Tomorrow February 1, 2018, the Cassation Court will hold its first hearing on the appeal in Case no. 173 of 2011, known as the Foreign Funding Case against human rights organizations. The appeal was filed by staff from international civil society organizations who, along with others, were given suspended prison terms on June 4, 2013 in connection with the first part of the case. If the appeal is accepted, the case will be retried in another circuit of the Cairo Criminal Court.
According to CIHRS sources, the Egyptian government is attempting to reach a political deal with the American government that would exempt American staff members from a retrial in Egypt.
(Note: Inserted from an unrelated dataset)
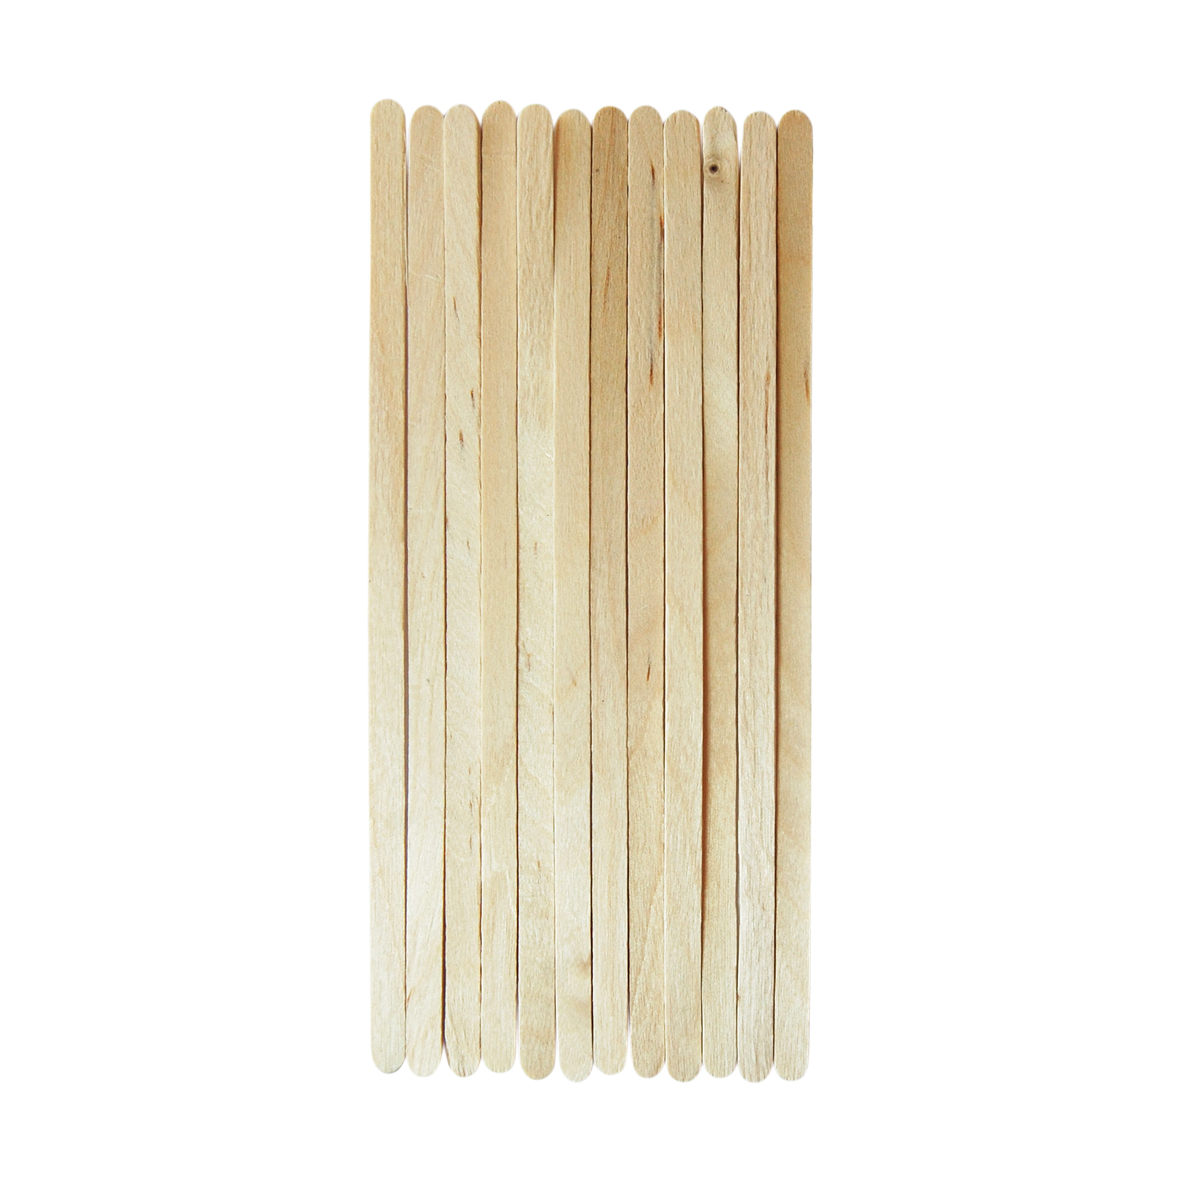 Wooden Stir Sticks Thin

The American government is further insisting that all politically motivated charges be dropped together with halting retaliatory measures against both the American and Egyptian defendants.
The Cairo Institute for Human Rights Studies (CIHRS) hopes that our wrongly convicted colleagues in international organizations will receive justice in the Cassation proceedings, which would be a welcome first step toward relieving the crackdown on Egyptian rights organizations and human rights defenders, as well as toward closing new investigations into Egyptian organizations. CIHRS also hopes that the state will provide a free climate – without intimidation and extortion – conducive to the operation of civil society organizations, both Egyptian and foreign.
The state and its investigative entities must also suspend all retaliatory measures against Egyptian rights groups; retaliation against Egyptian civil society has escalated since 2014 after General Abdel Fattah al-Sisi assumed the presidency. These retaliatory measures include at least 29 bans on rights advocates, 10 asset freezes on human rights defenders and 7 on rights organizations including CIHRS and its director, while dozens of employees at these organizations have been summoned for interrogation since 2014.
Both parts of the Foreign Funding Case (the first against international organizations, and the second against Egyptian organizations) are based on allegations found in a report issued in July 2011 by a Ministry of Justice fact-finding committee. The report alleged that Egyptian and foreign civil society organizations received foreign funding with the purpose of fomenting chaos in the country beginning from February 2011; however, the investigative authorities failed to provide, even once, any evidence proving the veracity of this allegation.
Left without any legitimate legal avenues to prove these false allegations, the state thus turned to its friendly media outlets to launch smear campaigns against these rights organizations, with the participation of the Supreme Council of the Armed Forces running the country during this period. The real trial took place in the press and on television screens. Rights workers were accused of collaboration, espionage, and high treason and were subjected to clear incitement of violence, in an attempt to obstruct their activities after January 2011.
The vicious assault against these human rights organizations is unprecedented since the emergence of civil society in Egypt: security forces raided the offices of several international and Egyptian organizations, confiscating computers and documents. The state then referred 43 Egyptian and foreign staff workers at these organizations to a criminal trial. The court unjustly sentenced them to 1-5 years in prison (suspended) for their lawful activities, in a trial that did not meet minimum standards of independence and fairness, and was marred by serious violations.